Topic 2: In The Hanging Gardens of Babylon by Andrew Thomas Prenger

The top floor of the building was like nothing else in the world. You waited in the elevator for minutes unending until the doors opened into a rainforest deep in the heart of the city. The humidity hit you like a punch in the chest. The air was so thick that you could chew it. Even after years of daily trips to the floor the young man in the elevator was still caught off guard by it.

He was also surprised by the quality of the air in the building. It was fresher than anywhere else in the city. The highly cultivated gardens that city hall was so proud of establishing didn’t smell as good nor look half as beautiful as what was in the building. It is only after these visits to this floor that the young man realized how dirty everywhere else is. Even in the rest of the building he had started to think of the re-circulated air as poison. Everyone’s sickness breathed out into the system and shared with everyone else. Unable to open windows the only time new air was introduced into the building was when someone arrived for work on the ground floor.

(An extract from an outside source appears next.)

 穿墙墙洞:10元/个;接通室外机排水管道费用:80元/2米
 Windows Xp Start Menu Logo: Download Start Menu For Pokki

More impressive was the fact about the room was that it was not just a garden, it was the old man’s office. Over the years the young man in the elevator came to realize that the old man became a titan of industry solely to build this, his dream. Everything else was immaterial.

The old man could have made billions more had he shared this gift with the rest of the world. There were plants that were endangered or extinct out in the real world which thrived in this artificial room. The young man looked up and through the canopy of leaves there was sunlight and blue sky. Except not real sunlight, nor the real sky. He had come straight up from the outside world, bringing his little bit of fresh air, where it was gray and overcast.

An artificial world. That was what the company provided. Better technology and artificial environments. It made the old man rich, then richer. He was pleased to discover that the technology he wanted to build for his garden was an interest to those in power who wished to control their own environments.

But nothing was meant to last. Nothing could last, not without change. After all these years that is what the old man does not want. When his dream garden was completed that was when progress stalled. The company went from being a leader to a follower. Even with all the brilliant innovators the company hired over the years none could match the brilliance of the old man. Their ideas were good, but never good enough to sustain the greatness the company had achieved.

The old man had his garden. That was good enough for him.

Except soon he would lose that. The young man did not come with good news. In his briefcase were forms and documents which were the start of the dismantling of the company. It wasn’t just the inventions which kept the company going, it was the old man’s keen eye for business. He had forged so many deals with such complexity it seemed as though no one else but him could untangle them to make sense of the details.

The young man had tried to. With the old man in seclusion the helm of the company turned to him. He had been the old man’s protégé. As much as he learned, as keen as he was for business, he just wasn’t the master of business the old man was. It was a shame he lived with every day, like a weight pressing down on him. Over the last few months of trying to right the ship and the refusal of the old man to help it felt like the world was closing in over the young man. He caught himself multiple times a day trying to catch his breath even though he hadn’t been doing anything but sitting at his desk staring at a screen. Ever since the old man retreated into his dream garden the young man had been living with a vice around his heart.

He never wanted to let anyone down, most of all the old man. So much trust was placed in his hands and it trickled through them like grains of sand. Now the business was being sold off bit by bit. Everyone who dealt with them over the years was coming in with their knives ready looking for their pound of flesh.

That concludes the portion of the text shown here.